Compensation Committee Analysis

  • Committee composition: Haas (Chair), LaMattina, Aryeh; independent consultant Aon retained; annual risk assessment and peer group refresh (middle-market PE + life sciences comparators) .
  • Positioning: CEO equity above 75th percentile; other NEOs (incl. CFO) equity around 75th percentile reflecting retention/incentive needs and performance .

Investment Implications

  • Pay-for-performance alignment: CFO compensation is heavily at-risk via options/PSUs tethered to revenue generation from acquired assets and adjusted EPS CAGR—favorable alignment with Ligand’s royalty-acquisition strategy and earnings growth focus .

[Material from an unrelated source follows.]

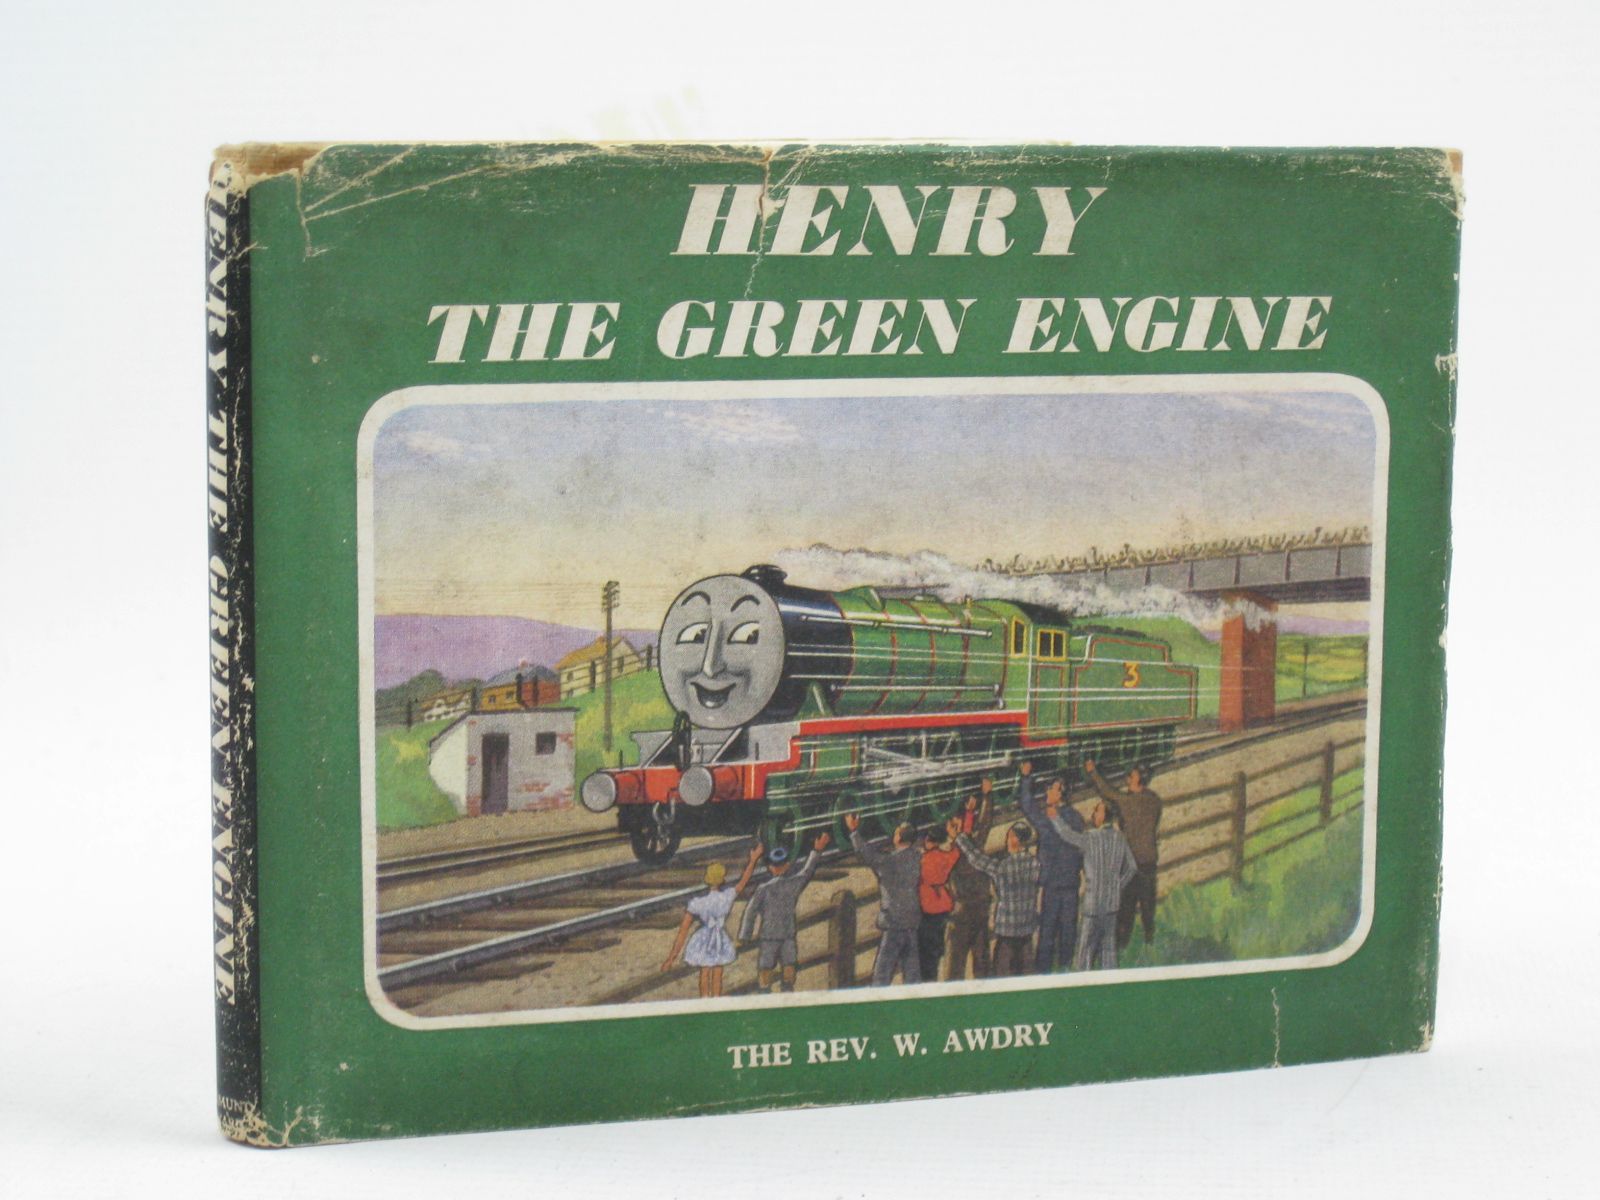 Cover of HENRY THE GREEN ENGINE by Rev. W. Awdry

  • Near-term selling pressure: RSUs vest on Feb 15 in 2025/2026/2027; options granted at $89.20 were underwater shortly after grant, potentially moderating exercise-related selling near term .

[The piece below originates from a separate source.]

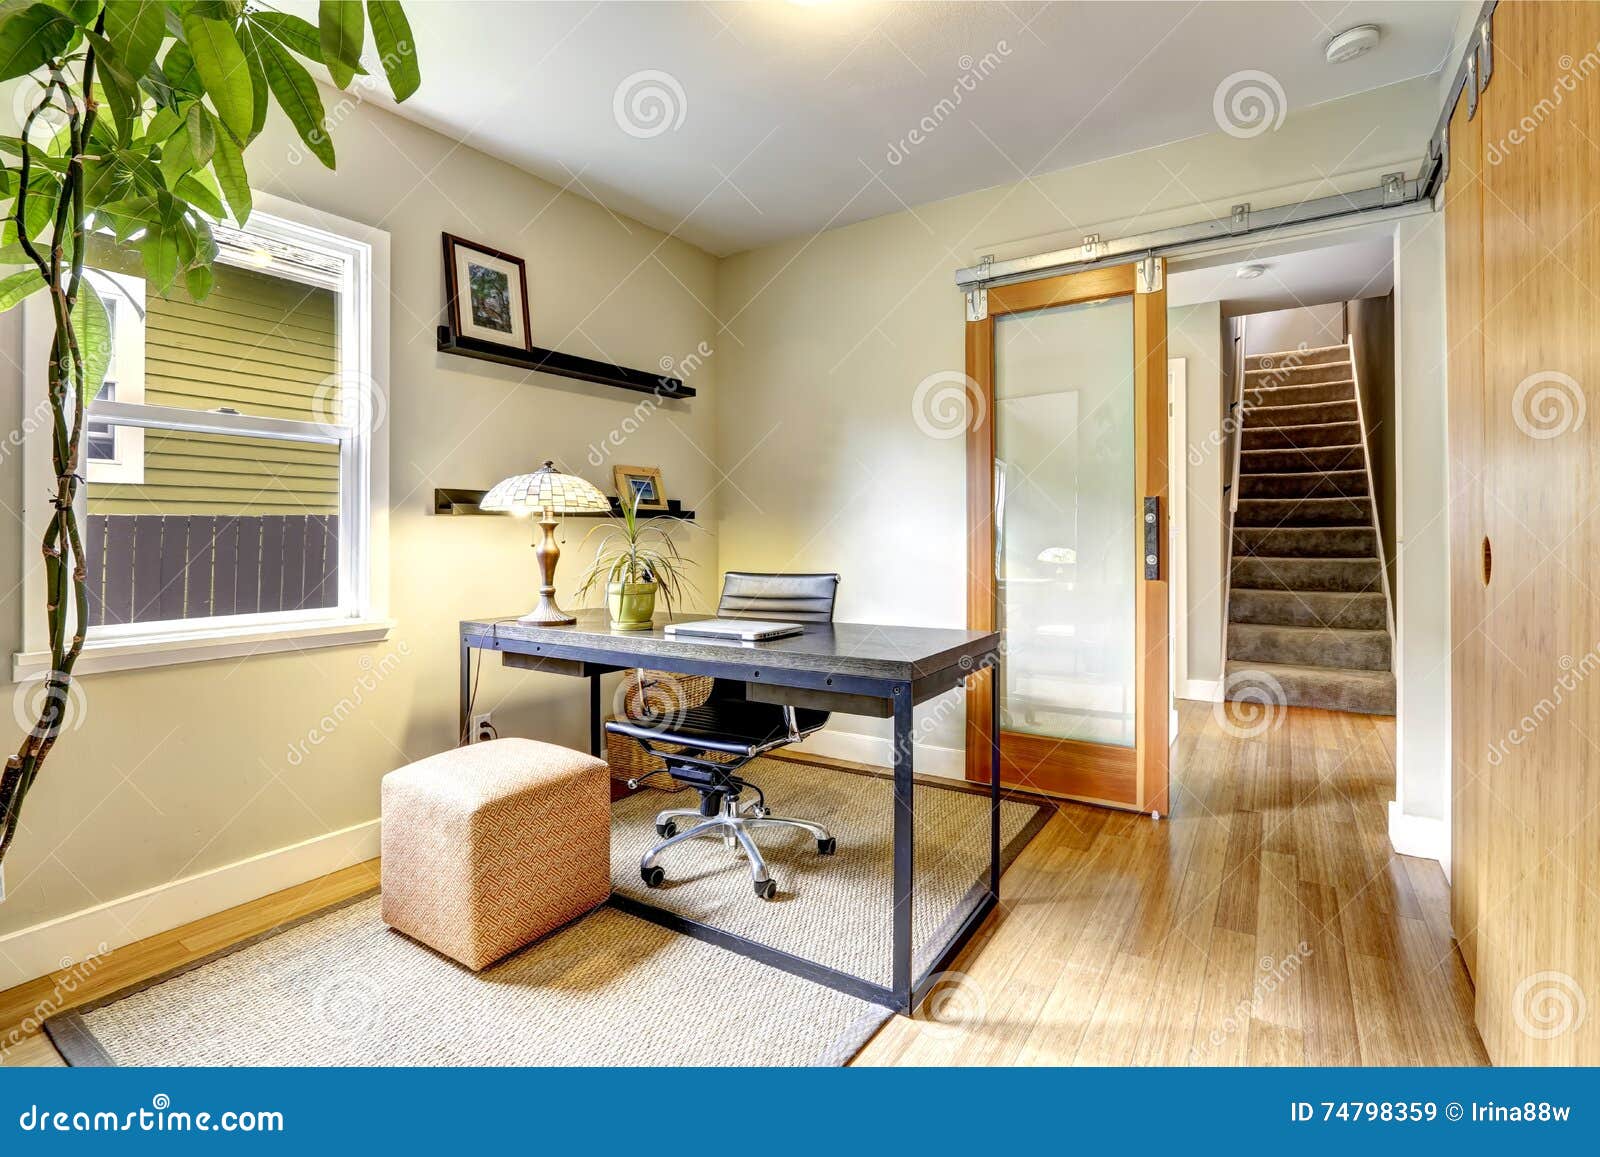 small home office interior with hardwood floor. view of staircase.

  • Retention/transaction risk: Double-trigger CIC benefits and full equity acceleration upon qualifying termination post-CIC could incent management to pursue value-creating transactions; tabled CIC values for CFO total ~$6.24m at 12/31/2024 price .
  • Governance safeguards: No tax gross-ups, robust clawback, prohibition on options-based hedging; however, absence of explicit executive ownership guidelines and no disclosed pledging policy reduce visible “skin-in-the-game” discipline (CFO <1% ownership) .
  • Performance momentum: 2024 revenue and adjusted EPS growth support bonus overachievement and PSU target attainability; monitoring 2024–2026 EPS CAGR and 2028 acquired-asset revenue targets is key to future PSU payouts and potential upside leverage .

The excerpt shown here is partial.